Our ad hoc closer, that’s who.
Prior to very recently, AJ had done a decent if stress-inducing job pitching late innings and protecting rare leads since coming over. We didn’t have Jeurys Familia. We no longer had Addison Reed. Ramos would do in the short term and perhaps contribute in the longer term. But every time I heard him wax nostalgic for his old team and his old teammates, I was thinking there’s no way it will work out well when he faces them.
I should’ve gone with that sense. Instead, in an uncommonly good Met mood Tuesday night — after Reyes, Travis d’Arnaud and Seth Lugo had all excelled — I generated a generous thought in AJ’s direction. It was the top of the ninth, the Mets led by three, Asdrubal Cabrera sent a fly ball to deep right. I would have liked it to have gone out to extend the Mets’ advantage to 6-1, but when it was caught at the track, I thought, ah, that’s OK, at least now Ramos can get a save that will be particularly meaningful to him.
Kiss of death. Sorry about that. More Ramos’s blown save en route to a ten-inning loss than mine, but I’ve been futilely rooting for the Mets to beat the Marlins in South Florida long enough [4] to know better than to believe the result was anywhere proximate to the proverbial bag, let alone securely inside it. How would AJ know that he was bound to throw 32 pitches, put six separate Marlins on base and allow the three tying runs to cross the plate without escaping the ninth? He’d watched his share of Marlins games in which Mets’ leads evaporated on the spot, but he watched it from the other side of the field.
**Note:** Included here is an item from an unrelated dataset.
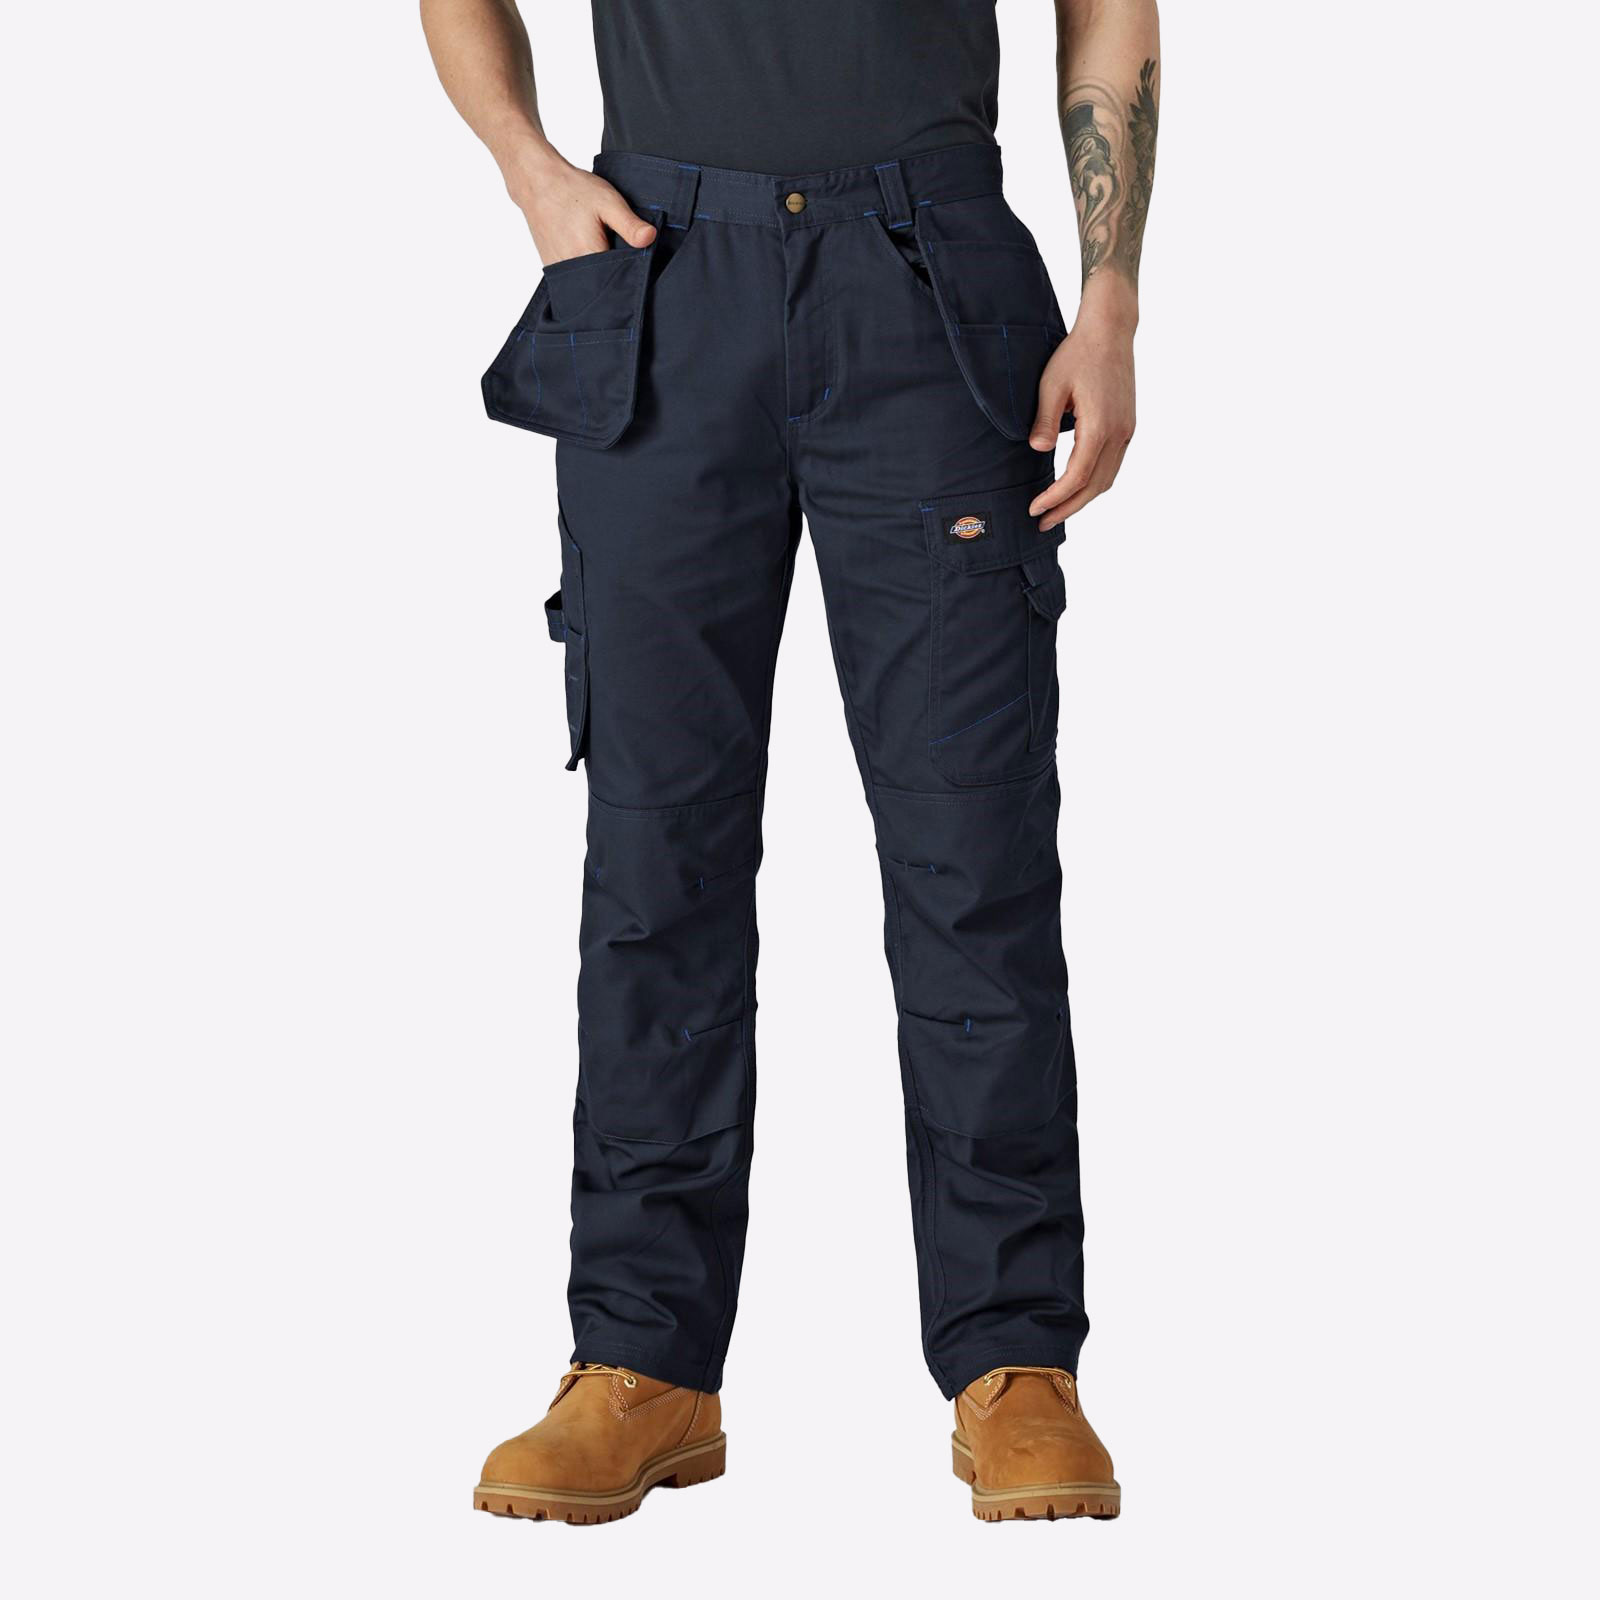 Dickies Redhawk Pro Trousers (Regular) Mens - GRD-36220-74522-08

Maybe he was doing what he assumed he was supposed to do. When you’re in Marlins Park, aren’t you supposed to doom the Mets as painfully as you can [5]? It probably got confusing for him amid all the pastels and empty seats. He looked down at his newly Metsian self, saw a reserved gray road uniform and no longer knew what to believe.
Paul Sewald (0-6) pulled what remained of the Mets chances out of the fire in the ninth and then, predictably, burned them to a crisp in the tenth, giving up the game-losing [6] home run to J.T. Realmuto. Not long ago that would have provided AJ Ramos with the cue to gather at home plate alongside his fellow Marlins and heartily congratulate the Fish of the hour. Now he had to keep straight who he was with, who he was against and what he was supposed to do. No high-fives for J.T. No hugs for Giancarlo. No good times in the company of Dee and Christian and Marcell and Ichiro. No communing with the spirit of Luis Castillo in the only place on the North American continent where that’s considered a desirable endeavor.
The fellow’s surely befuddled. Have mercy on his Marlin soul.